Oh, what's the percentage of success with the weights? Uh, but, but better, you can push, you can push all these statistics to a database if you want to. So that's pretty easy to just push this, these YAML reports with what is the prompt case? What was the input prompt? What was the output prompt?
Did it succeed or fail? How much does it cost? How much did it cost to run? How long did it take to run and open ai? How many tokens did it use? So all these tokens are in a YAML report. You can put it in the database if you wanna do more complex analytics on it, but, uh, I think the, the C L I, you can write prompt, optimize report.
Pick an a, a YAML file as input. And ask, uh, for, which statistics you want out. And right now we'll just compile and tell you like, this test suite, ran better than, the success rate is higher than this other one. Um, I think there's more work to be done there. So right now, it pretty much just logs the, the into yaml.
Uh, but it could do more things like diffing to outputs, right? Maybe you run mm-hmm. This week for the prompt or with say, GPT four, GPT 3.5. Now you wanna say, give me examples where one succeeded and the other one failed and or vice versa to start understanding like, oh, it does much better at, this kind of tests and here's why.
Yeah. Well, it's, we see it all over social media, right? There's all these benchmarks on this model. Did this, it performed better than G P T on X amount of questions or whatever. But for most people that. Doesn't really mean anything because you want to test it out against your use case. So it's very much like what you're saying is, hey, we can basically give you your own benchmarks and then you can figure out what works for you.
Yeah. It's a methodology for you to create your own benchmark really, right? Mm-hmm. For the things that you're interested in. And, clearly, different people are building different products and are thinking of different ways to leverage ai, right? But this story is always similar where, um, so in our case, we want to help people do their own analysis of data and explore their data more on their own.
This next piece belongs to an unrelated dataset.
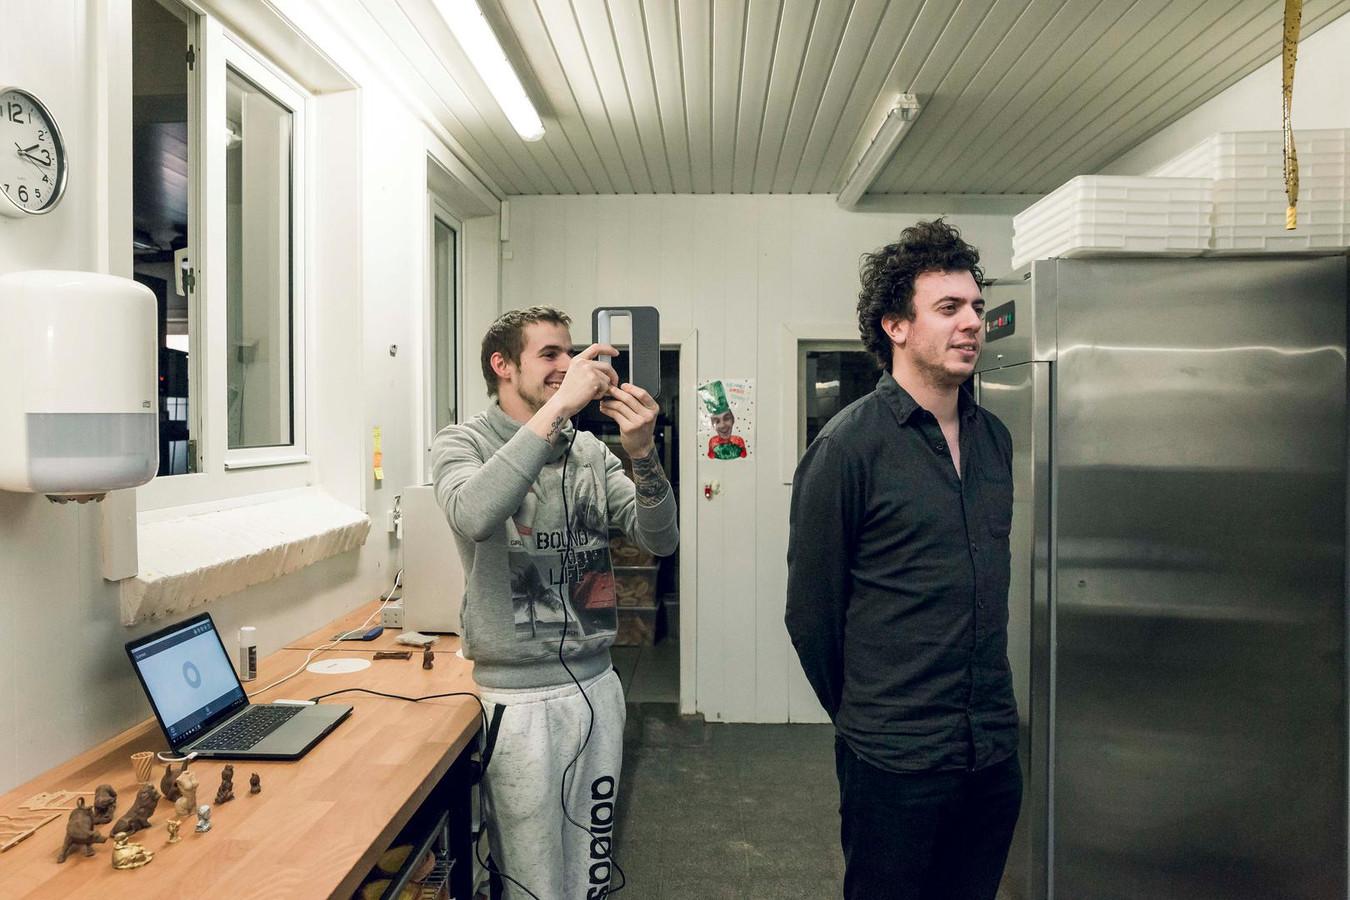 In zijn atelier neemt bakker Kenny Van Hoesen een scan van onze reporter.

Um, so, so our use cases are around, generating queries and making sense of. Of data, but in general, you always have like, okay, my product has some context. In our case that's, that might be the database of the user and the database schema of the user. Um, and the user has a question. And if we take this user question what they want along with the context that's in our app, we can output something that is useful, the context of that app.
And, uh, I think for every screen in every product, there's potentially a place where AI can, can be leveraged. Mm-hmm. And uh, it's like the question is like, how do you evaluate how well it's doing? You definitely don't want to be shipping a product with an untested ai. You don't know whether it's gonna hallucinate things or make shit up or, just have bias to Yeah.
Or, or like to upgrade, like, Hey, let's upgrade to the new newest version of G P T. Maybe it performs better at certain things, but worse at others. You need to handle, if you're gonna ship product, you need a handle on every, every API that you use. And. This one API that we started using now that's in the lm, just has no structure.
So like then maybe that's the way to put some structure and evaluation on top of it. Yeah, and it's funny too, uh, another thing from the product perspective, which people pointed out in this report that we did, it's, and I'm just bringing it up cuz I've literally been, my head has been buried in this data for the last three months.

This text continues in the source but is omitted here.